In Chinatown, Shang and Leiko are enjoying a visit to a used bookstore; so the issue opens with the parable they had read. They don't have much time to dwell on it, as they are soon reunited with their old friend, Black Jack Tarr! Who needs help rescuing a girl from a cult, the Dawning Light. Shang had been around enough by that point to guess Tarr wasn't doing this out of the kindness of his heart: the girl had stolen "tradecraft," papers from the Ministry of Defense. Something was up with the Dawning Light...The magenta robes aren't particularly threatening, although I'd write that off as an artifact of comic book coloring and printing. (White robes would show images from the other side of the page, right? And black robes would be a mess.)

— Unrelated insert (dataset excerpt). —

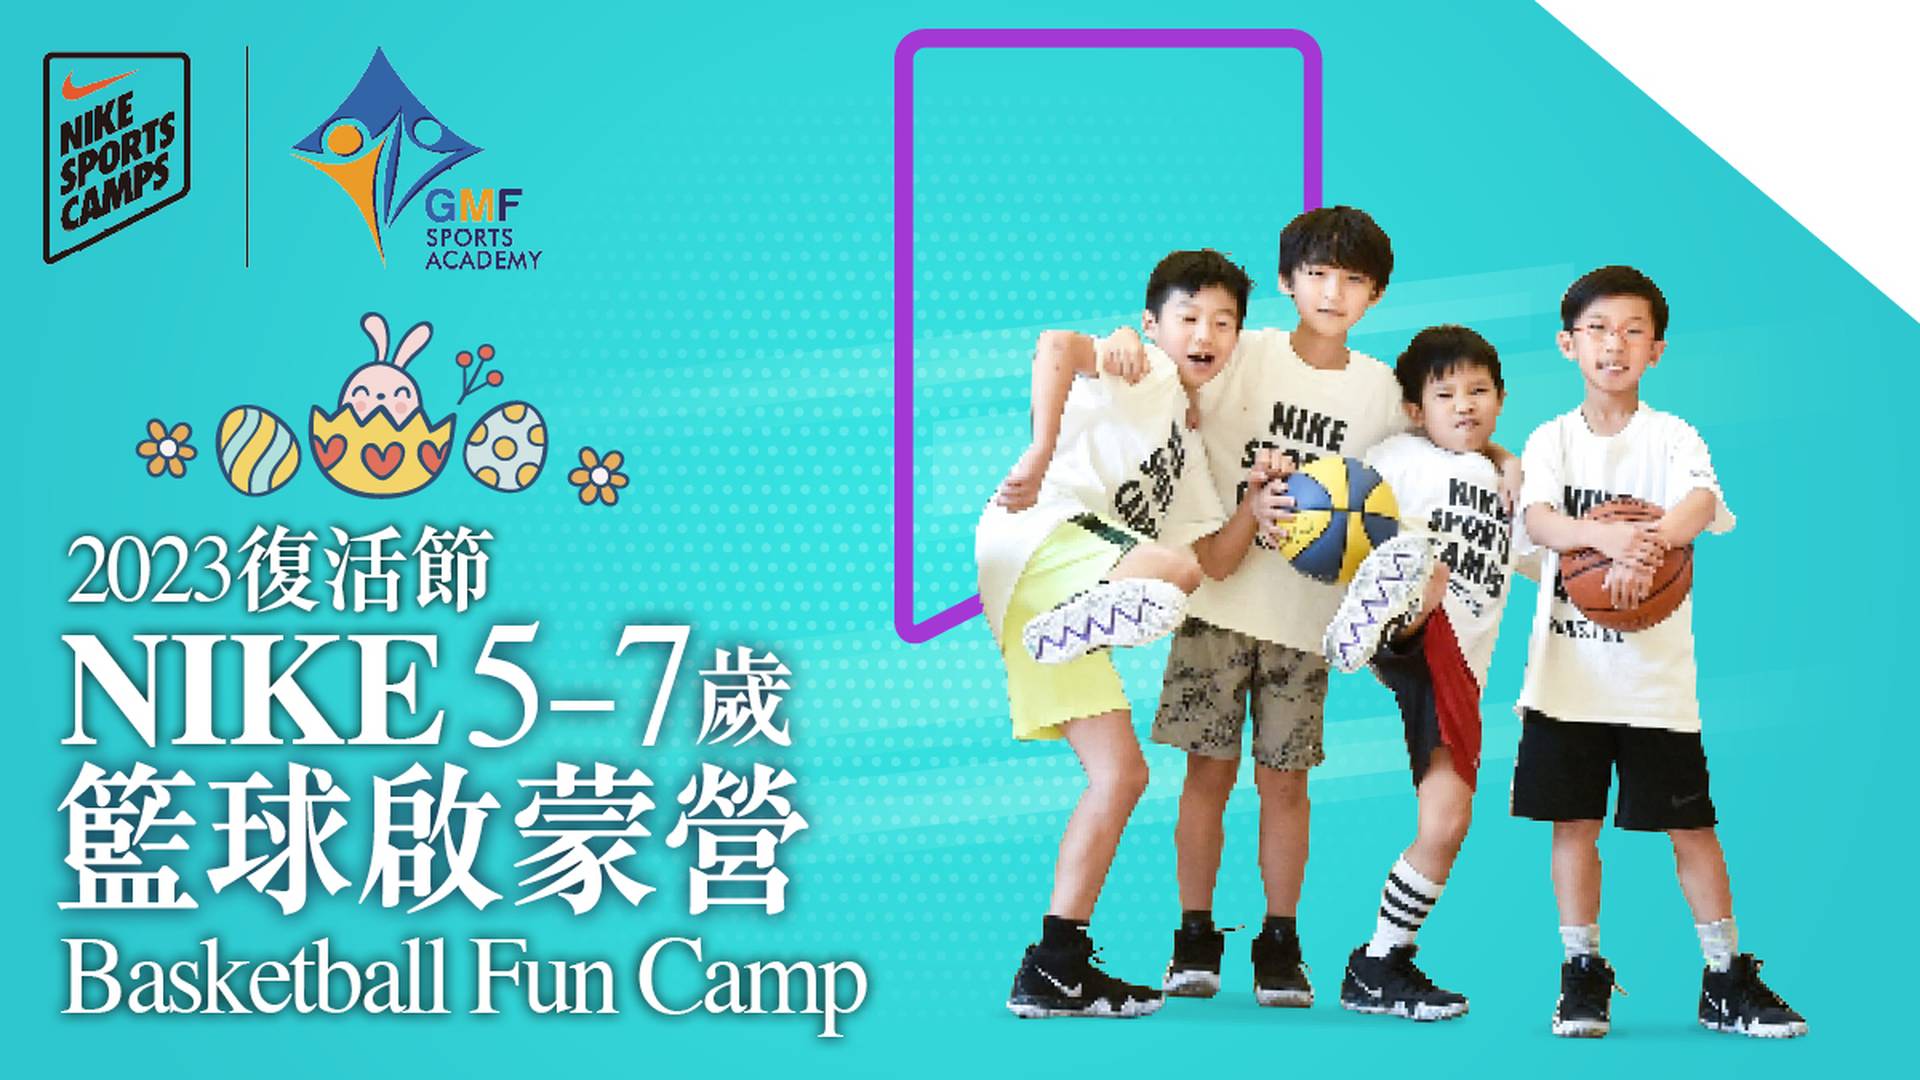 Nike Basketball Fun Camp 復活節NIKE籃球啟蒙營 2023 (5 - 7 歲) 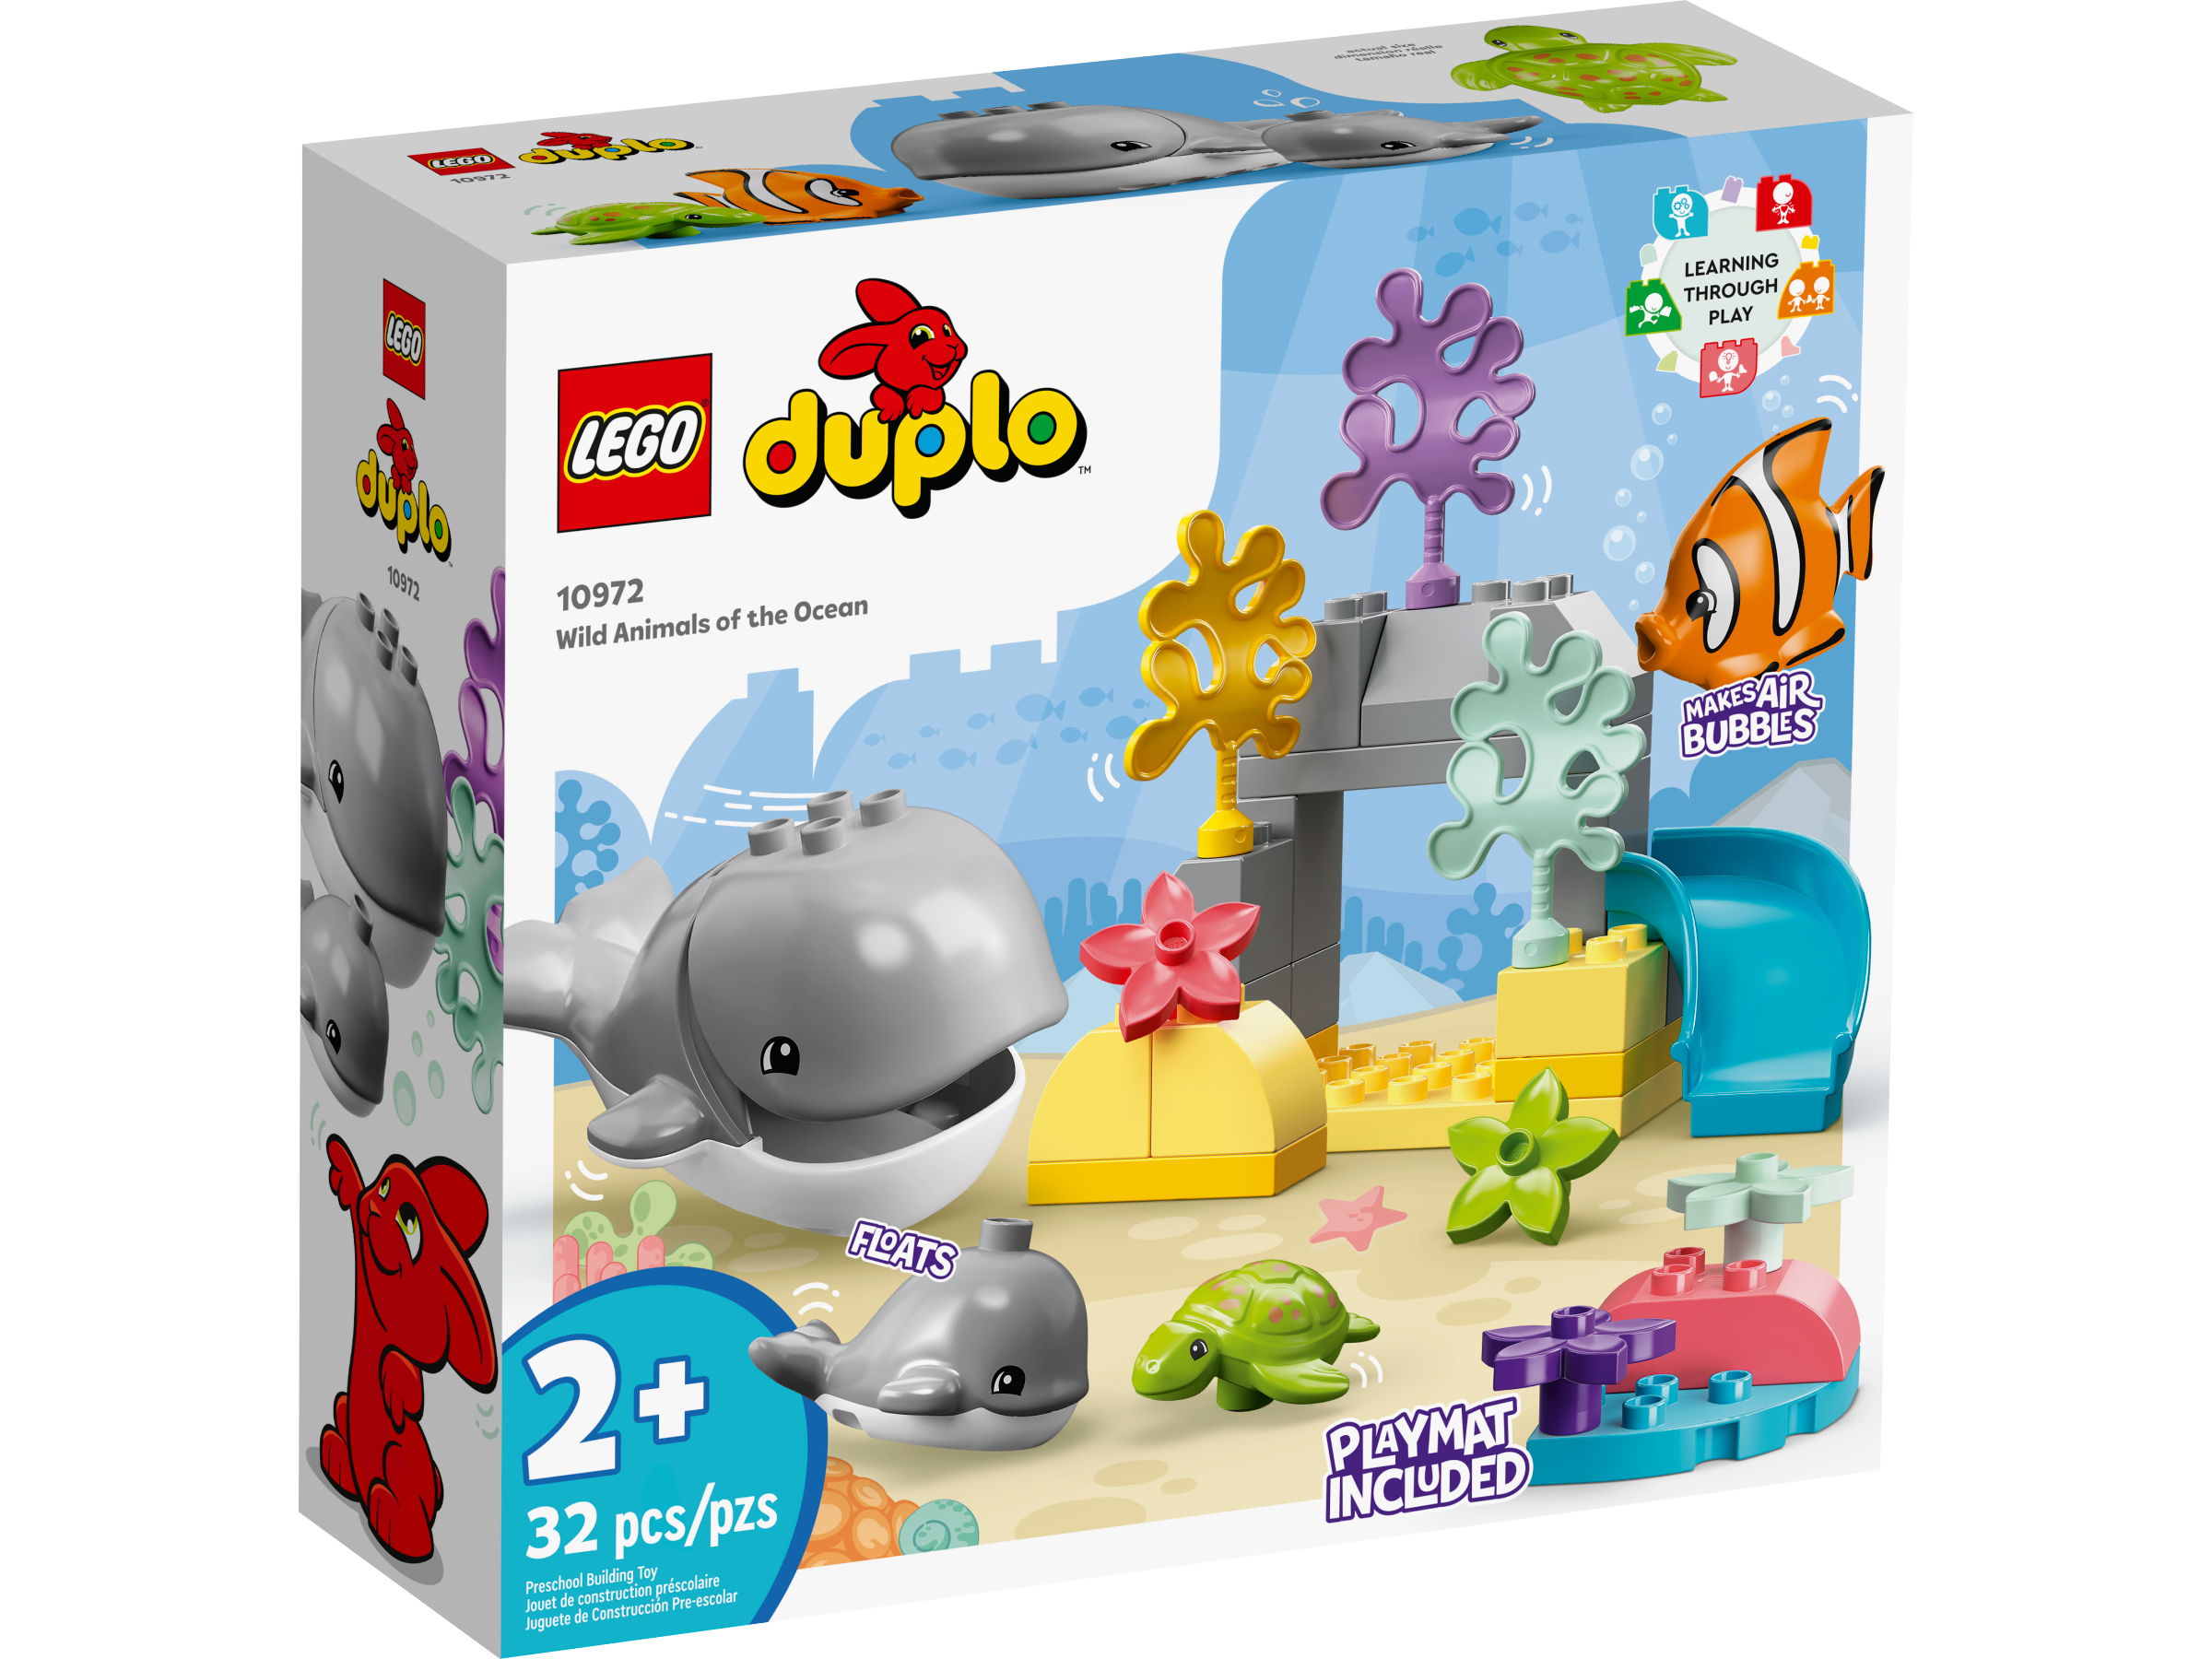 Buy 10975 LEGO® DUPLO® Wild animals of the world

The girl, Mandy Greville, is rescued in fairly short order, but is profoundly ungrateful: it's not yet clear if she was brainwashed, or a "true believer." Even though Tarr had known her since she was a child, she still promises to kill him...Until looking this up in the GCD, I didn't realize this was a three-part story. I'm guessing Mandy doesn't succeed, though.
I always associate this book with a lot of captions; I wonder if that could carry into a film version? Like, Shang's narration never stops, fight scene or no...
Shang-Chi over Iron Fist, any day. I don't care how close he and Luke Cage are, Master of Kung-Fu is better.